DATA FOR THIS EXERCISE:
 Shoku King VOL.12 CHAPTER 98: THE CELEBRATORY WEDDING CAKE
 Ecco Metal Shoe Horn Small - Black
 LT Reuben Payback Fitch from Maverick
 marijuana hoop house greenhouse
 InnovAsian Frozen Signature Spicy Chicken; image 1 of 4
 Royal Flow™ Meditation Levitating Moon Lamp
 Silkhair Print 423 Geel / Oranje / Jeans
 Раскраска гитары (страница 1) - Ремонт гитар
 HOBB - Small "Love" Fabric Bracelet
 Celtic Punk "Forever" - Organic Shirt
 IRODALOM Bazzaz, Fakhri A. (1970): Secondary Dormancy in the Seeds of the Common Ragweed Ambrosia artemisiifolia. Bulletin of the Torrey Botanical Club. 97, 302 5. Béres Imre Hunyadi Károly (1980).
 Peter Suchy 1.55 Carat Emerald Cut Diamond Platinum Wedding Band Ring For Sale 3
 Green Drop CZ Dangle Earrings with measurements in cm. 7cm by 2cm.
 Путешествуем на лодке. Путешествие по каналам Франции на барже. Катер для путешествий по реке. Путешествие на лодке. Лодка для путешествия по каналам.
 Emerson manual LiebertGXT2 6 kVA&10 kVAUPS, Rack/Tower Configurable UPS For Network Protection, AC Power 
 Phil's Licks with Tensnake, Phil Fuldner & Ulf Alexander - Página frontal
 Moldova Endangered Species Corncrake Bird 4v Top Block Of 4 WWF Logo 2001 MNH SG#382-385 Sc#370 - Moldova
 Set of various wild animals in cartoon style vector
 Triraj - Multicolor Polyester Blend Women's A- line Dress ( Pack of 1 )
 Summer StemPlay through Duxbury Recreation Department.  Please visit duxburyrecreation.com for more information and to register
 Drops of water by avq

DESCRIPTION OF THE TASK: Using the entries above, please restate each one word for word.

OUTPUT FOR THIS EXERCISE:
 Shoku King VOL.12 CHAPTER 98: THE CELEBRATORY WEDDING CAKE
 Ecco Metal Shoe Horn Small - Black
 LT Reuben Payback Fitch from Maverick
 marijuana hoop house greenhouse
 InnovAsian Frozen Signature Spicy Chicken; image 1 of 4
 Royal Flow™ Meditation Levitating Moon Lamp
 Silkhair Print 423 Geel / Oranje / Jeans
 Раскраска гитары (страница 1) - Ремонт гитар
 HOBB - Small "Love" Fabric Bracelet
 Celtic Punk "Forever" - Organic Shirt
 IRODALOM Bazzaz, Fakhri A. (1970): Secondary Dormancy in the Seeds of the Common Ragweed Ambrosia artemisiifolia. Bulletin of the Torrey Botanical Club. 97, 302 5. Béres Imre Hunyadi Károly (1980).
 Peter Suchy 1.55 Carat Emerald Cut Diamond Platinum Wedding Band Ring For Sale 3
 Green Drop CZ Dangle Earrings with measurements in cm. 7cm by 2cm.
 Путешествуем на лодке. Путешествие по каналам Франции на барже. Катер для путешествий по реке. Путешествие на лодке. Лодка для путешествия по каналам.
 Emerson manual LiebertGXT2 6 kVA&10 kVAUPS, Rack/Tower Configurable UPS For Network Protection, AC Power 
 Phil's Licks with Tensnake, Phil Fuldner & Ulf Alexander - Página frontal
 Moldova Endangered Species Corncrake Bird 4v Top Block Of 4 WWF Logo 2001 MNH SG#382-385 Sc#370 - Moldova
 Set of various wild animals in cartoon style vector
 Triraj - Multicolor Polyester Blend Women's A- line Dress ( Pack of 1 )
 Summer StemPlay through Duxbury Recreation Department.  Please visit duxburyrecreation.com for more information and to register
 Drops of water by avq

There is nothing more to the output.